Challenges to producing biosimilars in India
Despite successful development and marketing of biosimilars in India and by Indian companies, research and development (R&R) departments continue to face challenges in developing biosimilars. As well as differing from generics because they are similar rather than identical to the branded drug, biosimilars are much more complex and expensive to create.
Therefore, pharmaceutical companies in India primarily focused on the development and production of generics need to adapt their R&D manufacturing processes since they are producing more than simply a copy.
Biosimilars are subject to stringent clinical timelines because biologic products are subject to clearly defined regulatory procedures that require large-scale, comprehensive clinical programmes proving their safety and efficacy in treating the indicated disease. The process needs to be highly controlled to ensure quality across the system.
”Biosimilars are highly complex molecules manufactured by living cells,” Reddy told Biospectrum India. “Their manufacturing needs to be managed through a highly controlled processes and manufacturing environments because of the risk of even minor variations introducing unacceptable changes to product quality. This entails a high focus on quality across the entire manufacturing process and raw materials, equipment used as well as the people who undertake the process.
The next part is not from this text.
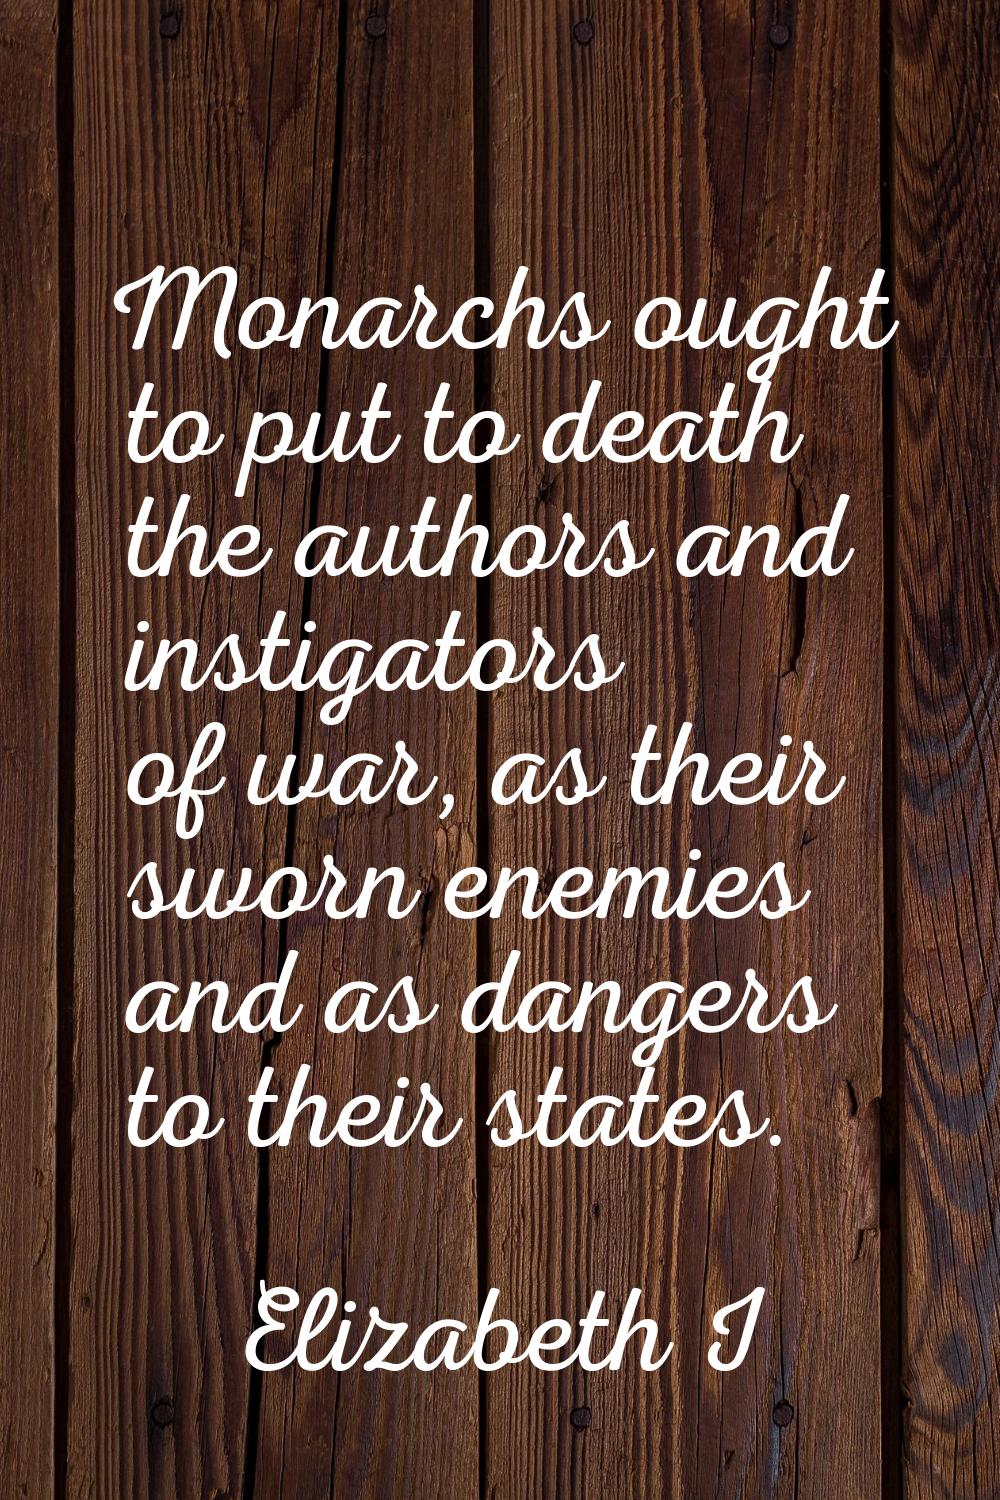 Monarchs ought to put to death the authors and instigators of war, as their sworn enemies and as da

“Significant investments are required in setting up these facilities as well as increasing capacities, so it is imperative to ensure facilities are fully utilized in order to keep costs under control.
Biocon managing director Kiran Mazumdar-Shaw noted that bringing a biosimilar to the market in India can cost more than $150m, with 80% of that money spent on R&D.
She explained in an interview with Forbes India: “A biosimilar can do the same job as the biologic drug. Therefore, the efficacy, safety and immunogenicity of such drugs are important factors. They require extensive clinical trials and studies over hundreds of volunteer patients, which is expensive.
“[Through] the approval for biosimilar trastuzumab by the US FDA, we have demonstrated that strong commitment alongside deep pockets are needed to make breakthroughs in biosimilars,” Mazumdar-Shaw told BusinessLine.
The novelty of the biologic and biosimilar development process makes it difficult for new companies to enter this space. Four of India’s largest pharmaceutical companies, Dr Reddy’s Laboratories, Cipla, Lupin and Aurobindo, have created and now market approved biosimilars.
As more Indian pharmaceutical companies develop the capability to produce biosimilar products amid a stable regulatory and legislative regime, this barrier to entry will gradually be lowered.
With a larger slice of India’s pharmaceutical sector embracing biosimilar development in the coming years, it would not be surprising to see the country build as a strong a position in biosimilars as it has in the generics space.
For patients and healthcare systems worldwide waiting on more affordable versions of life-saving biologics drugs, a strong biosimilar market in India could be just what the doctor ordered.